Interrogé sur un éventuel report du délai accordé aux serristes pour faire la transition vers les énergies renouvelables, le ministre de l’Agriculture Marc Fesneau a répondu qu’il « va regarder ça ». « C’est dans le scope des questions qui se posent », a-t-il confié peu après la présentation du plan souveraineté fruits et légumes le 1er mars au Salon de l’agriculture. « Il y a un sujet sur le bio, c’est assez identifié. C’est idiot de tuer la filière bio, dont on a besoin, y compris sur ce produit-là ».

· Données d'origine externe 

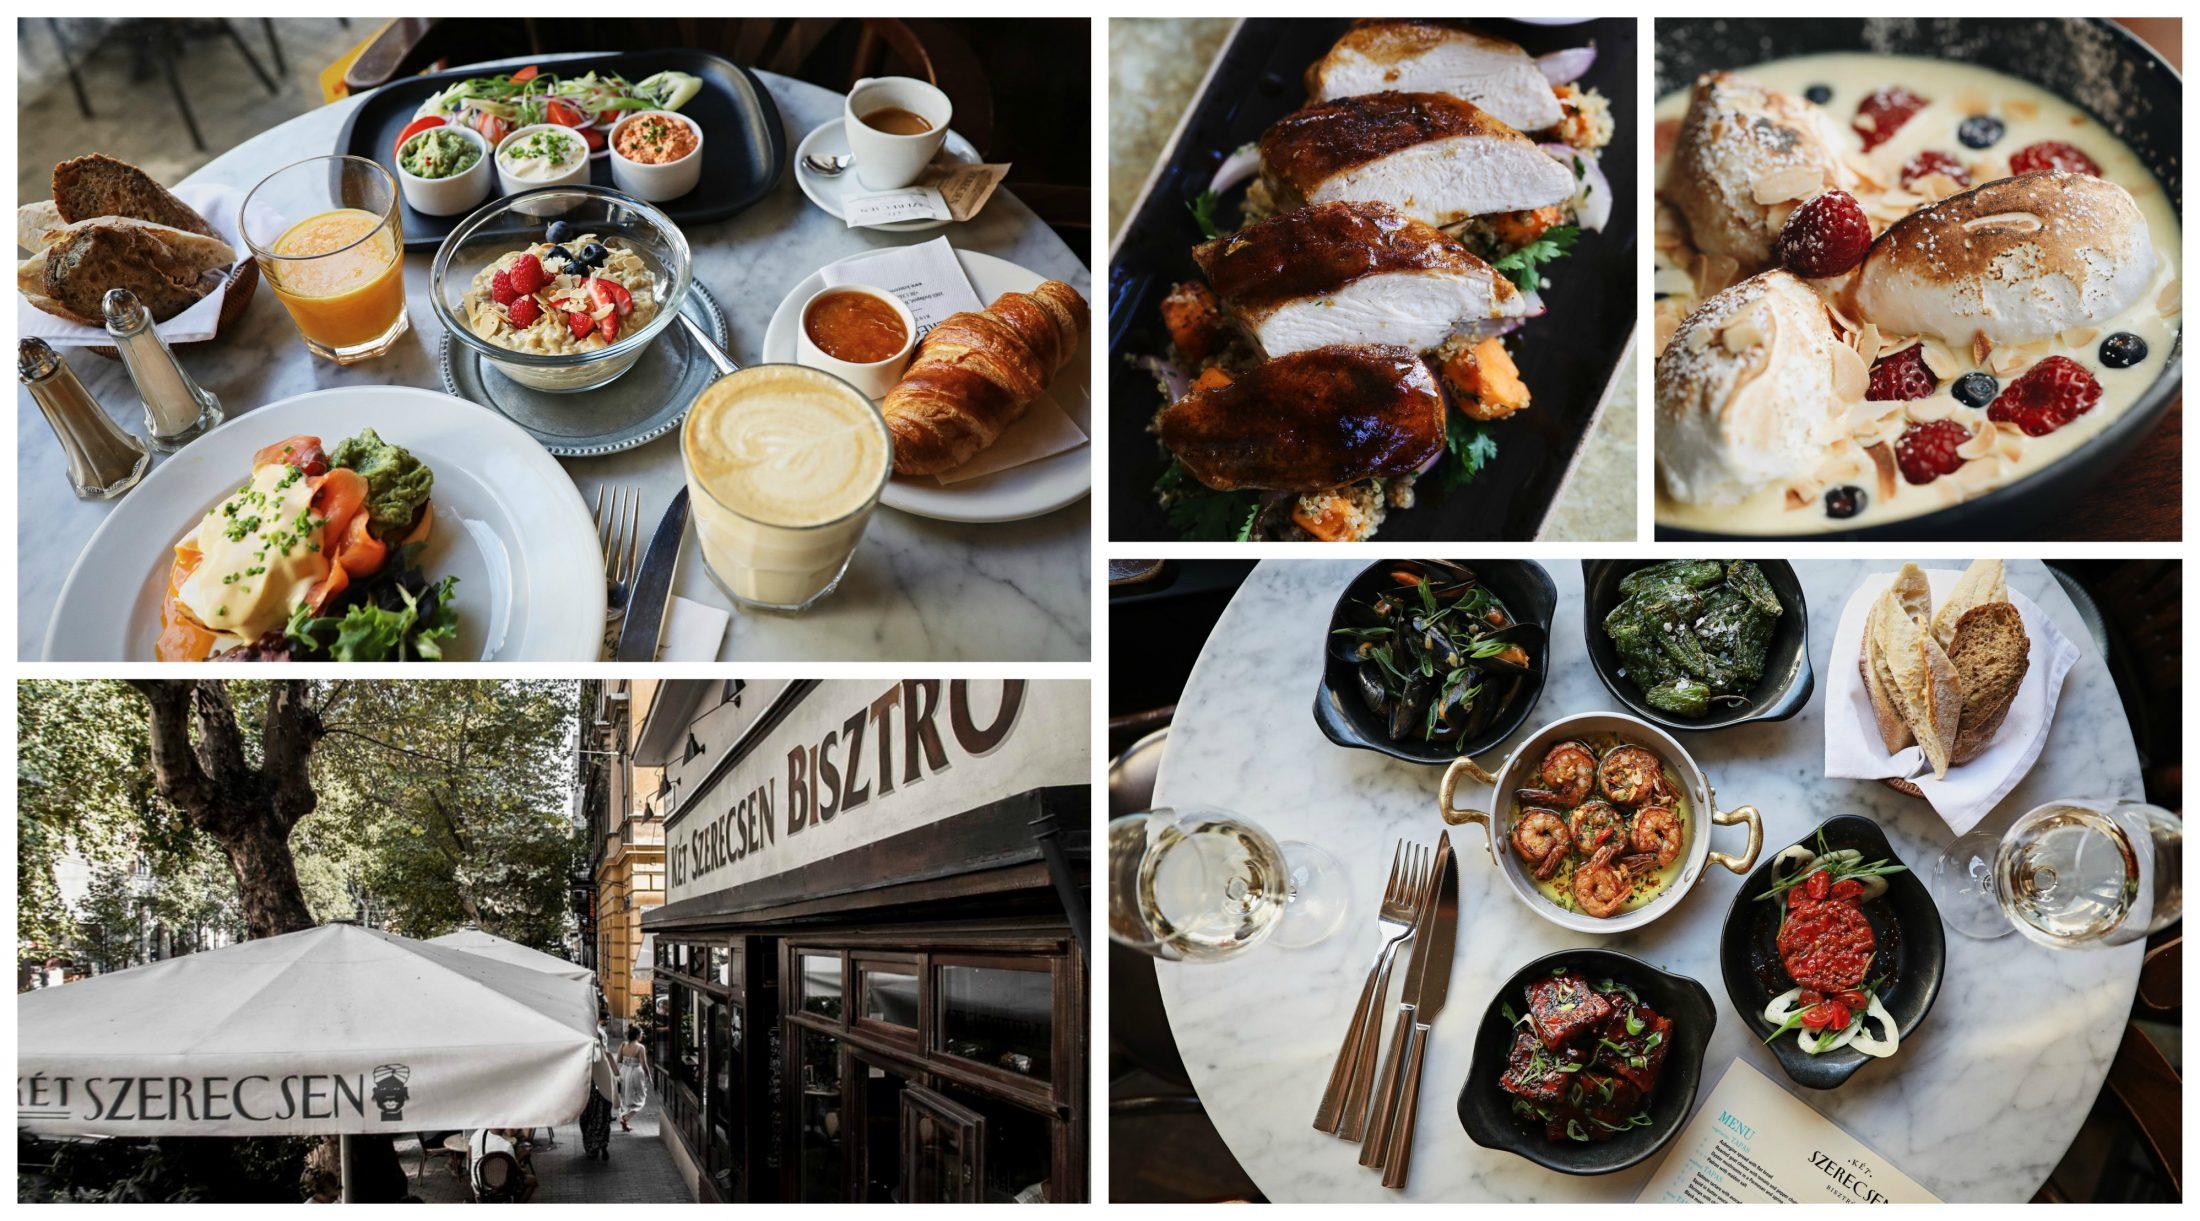 Múlhatatlan francia sikk: Két Szerecsen Bisztró - Dining Guide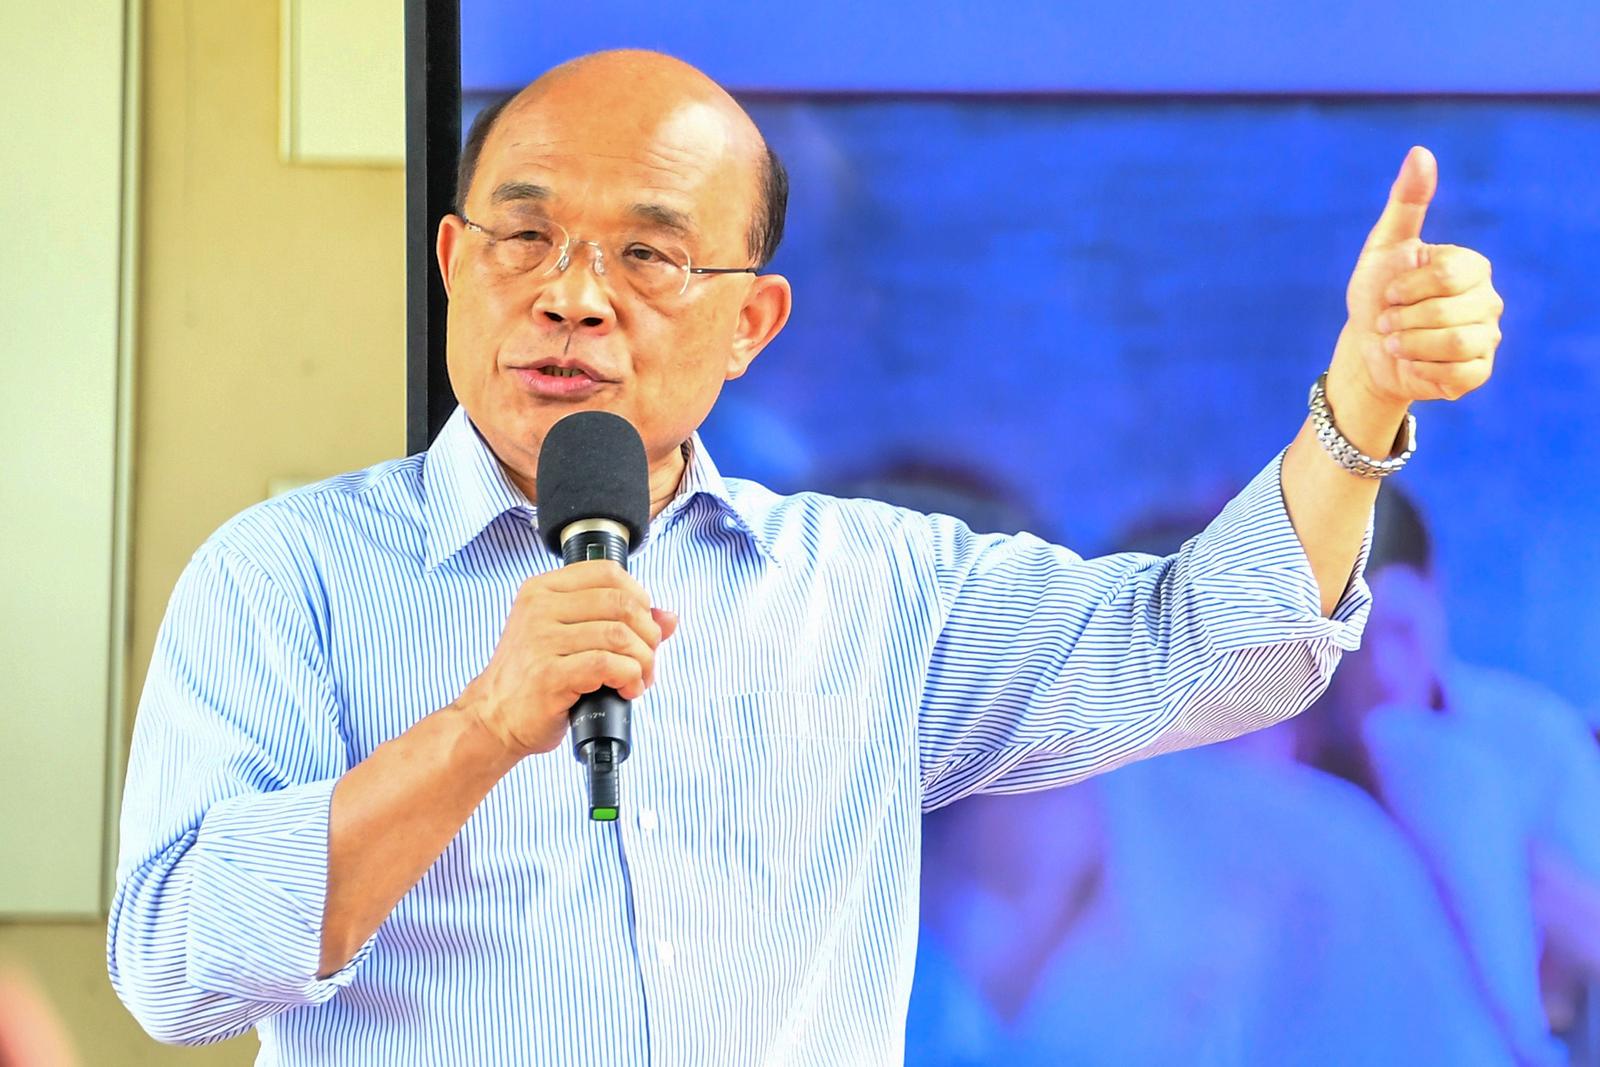 2020年7月7日,行政院长苏贞昌:从「港版国安法」可以看到,台湾一直坚持主权、坚持安全是多么的重要。(行政院提供)

De leur côté, Légumes de France et Felcoop attendent une réponse de la Commission européenne sur un recours, présenté « en 2020 », qui pointe une double « distorsion de concurrence » : la présence de tomates bio étrangères issues de serres chauffées sur les étals français avant le 1er mai ; et l’interdiction avant cette date, pour les serristes français, d’exporter leurs tomates bio dans les pays européens qui acceptent le chauffage.

 

« Peur de travestir la philosophie du bio »

75 % des volumes d’origine France en 2021

« Complètement utopique »

« Pression plus importante sur le prix »

« 50 ha de serres chauffées n’ont pas vu le jour »

Transition énergétique au point mort

La Sica Saint-Pol resserre sa gamme bio sur la grappe et le vrac

« Malheureusement on n’échappe pas au marasme qui touche l’ensemble des filières bio », constatait le secrétaire général de la Sica Saint-Pol-de-Léon Thomas Quillevéré en conférence de presse, le 20 mars. La coopérative bretonne a vu son chiffre d’affaires fondre de 6 % en un an sur sa gamme de légumes bio. Si les surfaces en bio vont rester « stables » en 2023, la coopérative a décidé de « recentrer » son offre sur les produits de plus grande consommation. « Pour la tomate, ce sera plutôt des gros fruits, type grappe, vrac, plutôt que des petits fruits de diversification, puisqu’on a déjà du mal avec le pouvoir d’achat du consommateur », a dit M. Quillevéré.